Я подхватил куль, и он дернулся.
Я замер, не в силах даже вдохнуть, только сердце колотилось как бешеное. Конечно же, я не мог такого почувствовать, подумал я. Подождал – а вдруг куль дернется снова? А может, ждал, как ее рука змеей выползет из стеганого одеяла и попытается схватить меня за запястье порезанными пальцами.
Никто не дернулся, ничто не выползло. Мне это все почудилось. Понятное дело. И я сбросил ее в колодец. Увидел, как стеганое одеяло развернулось с конца, на который я не надевал наволочку, а потом раздался всплеск. Гораздо более громкий, чем при моей блевотине, а за ним последовал хлюпающий удар. Я знал, что воды в колодце немного, но надеялся, что Арлетт погрузится с головой. Звук удара подсказал мне: в этом я ошибся.
Пронзительный смех раздался у меня за спиной – звук, так близко граничащий с безумием, что у меня по спине побежали мурашки, от поясницы до загривка.

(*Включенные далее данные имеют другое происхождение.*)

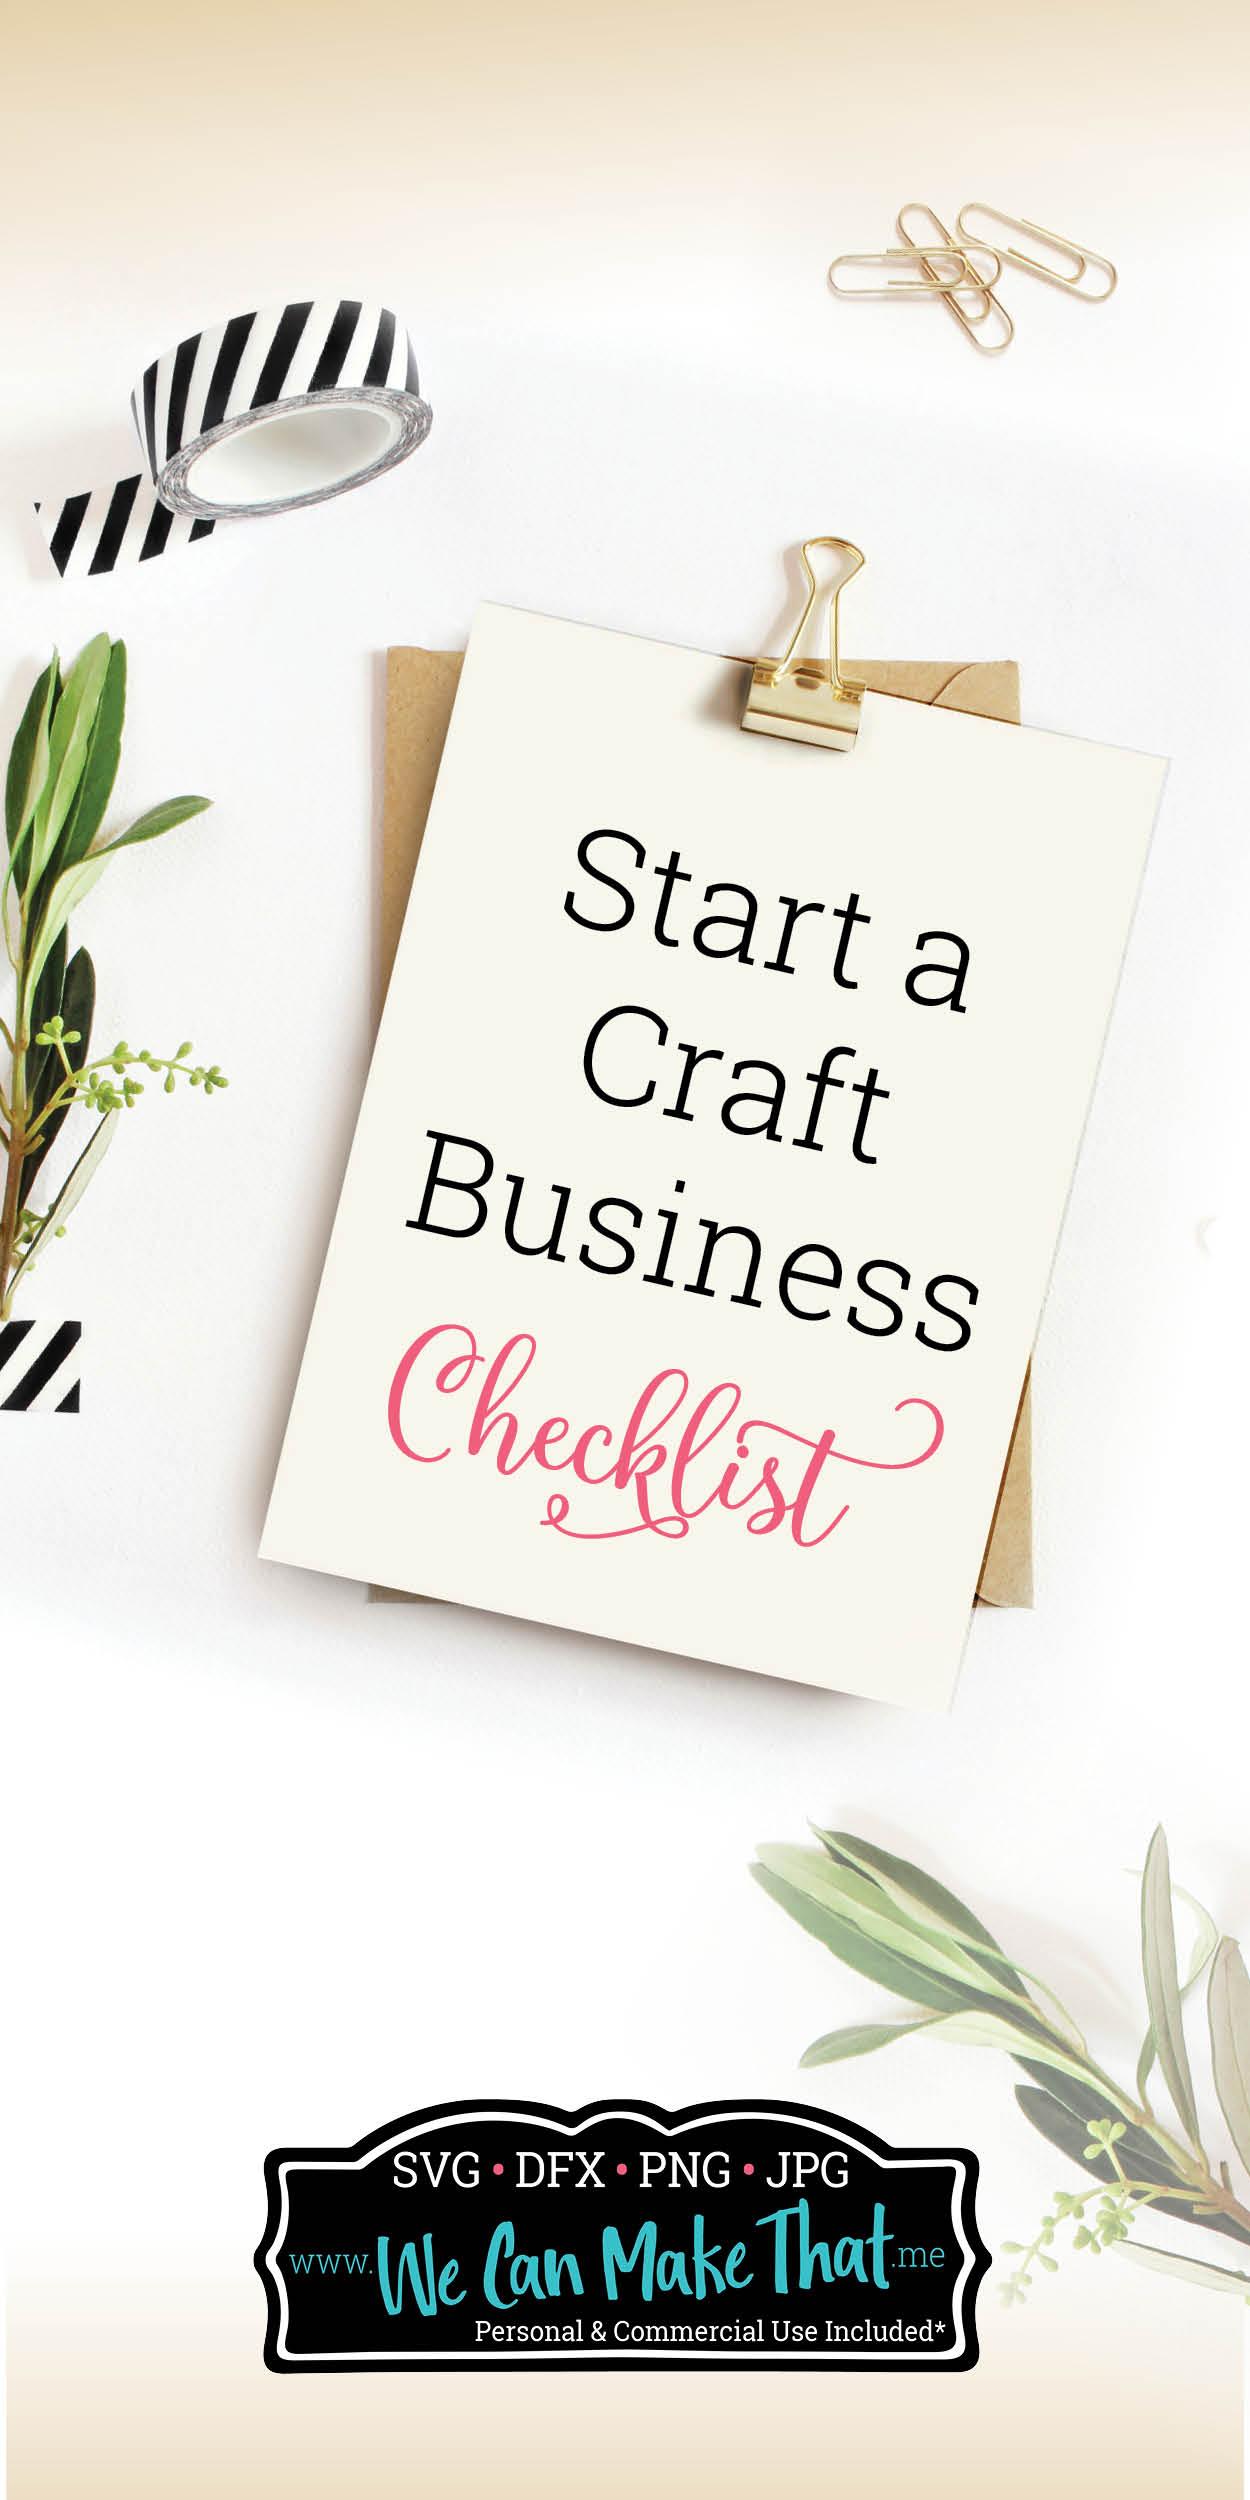 craft business checklist

Генри пришел в себя и поднялся. Нет, более того – он прыгал перед амбаром, вскидывая руки к звездному небу, и хохотал.
– Мама в колодце, а мне все равно! – нараспев прокричал он. – Мама в колодце, а мне все равно, потому что хозяина нет[4].
Я в три больших шага подскочил к нему и влепил оплеуху, оставив кровавые отметины на покрытой пушком щеке, еще не знавшей бритвы.

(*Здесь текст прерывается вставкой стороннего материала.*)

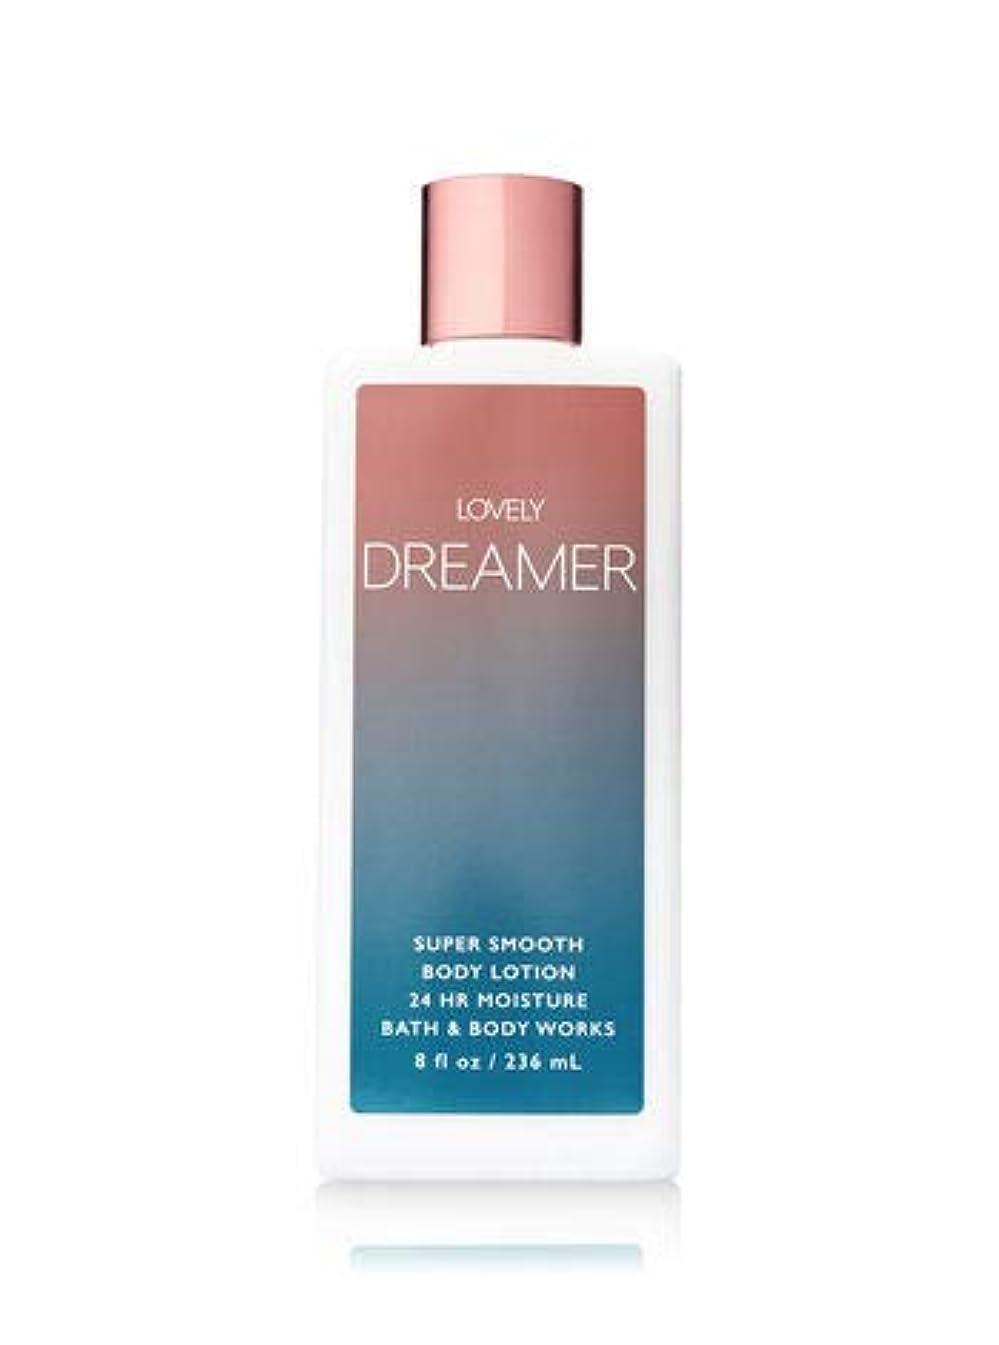 山ハプニング推定【Bath&Body Works/バス&ボディワークス】 ボディローション ラブリードリーマー Super Smooth Body Lotion Lovely Dreamer 8 fl oz / 236 mL [並行輸入品]

– Заткнись! Голос разносится далеко! Тебя могут услышать… Видишь, дурак, ты опять потревожил этого чертова пса.
Рекс гавкнул один раз, второй, третий. Замолчал. Мы стояли, я держал Генри за плечи, склонив голову, прислушиваясь. Струйки пота бежали по шее. Рекс пролаял еще раз, потом затих. Если бы кто-то из Коттери проснулся, они бы подумали, что Рекс нашел енота. Я, во всяком случае, на это надеялся.
– Иди в дом, – велел я. – Худшее позади.
– Правда, папка? – Он очень серьезно смотрел на меня. – Правда?
– Да. Как ты? Не собираешься снова грохнуться в обморок?
– А я грохался?
– Да.
– Я в порядке. Просто… не знаю, почему так смеялся. Что- то смешалось в голове. Наверное, я просто обрадовался. Все закончилось! – Смешок вновь сорвался с его губ, и он хлопнул по губам руками, как маленький мальчик, случайно произнесший плохое слово в присутствии бабушки.
– Да, – кивнул я. – Все закончилось. Мы останемся здесь. Твоя мать убежала в Сент-Луис… а может, в Чикаго… но мы останемся здесь.
– Она?.. – Его взгляд устремился к колодцу, крышка которого прислонялась к трем стойкам, казавшимся такими мрачными в звездном свете.
– Да, Хэнк, сбежала. – Его мать терпеть не могла, когда я называл его Хэнком, говорила, что это вульгарно, но теперь она ничего не могла с этим поделать. – Убежала и оставила нас здесь. И разумеется, мы очень сожалеем, но при этом полевые работы не могут ждать. И занятия в школе тоже.
– И я могу… по-прежнему дружить с Шеннон?
– Разумеется, – ответил я и снова вспомнил, как средний палец Арлетт похотливо обводит его промежность. – Разумеется, можешь. Но если у тебя вдруг возникнет желание признаться Шеннон…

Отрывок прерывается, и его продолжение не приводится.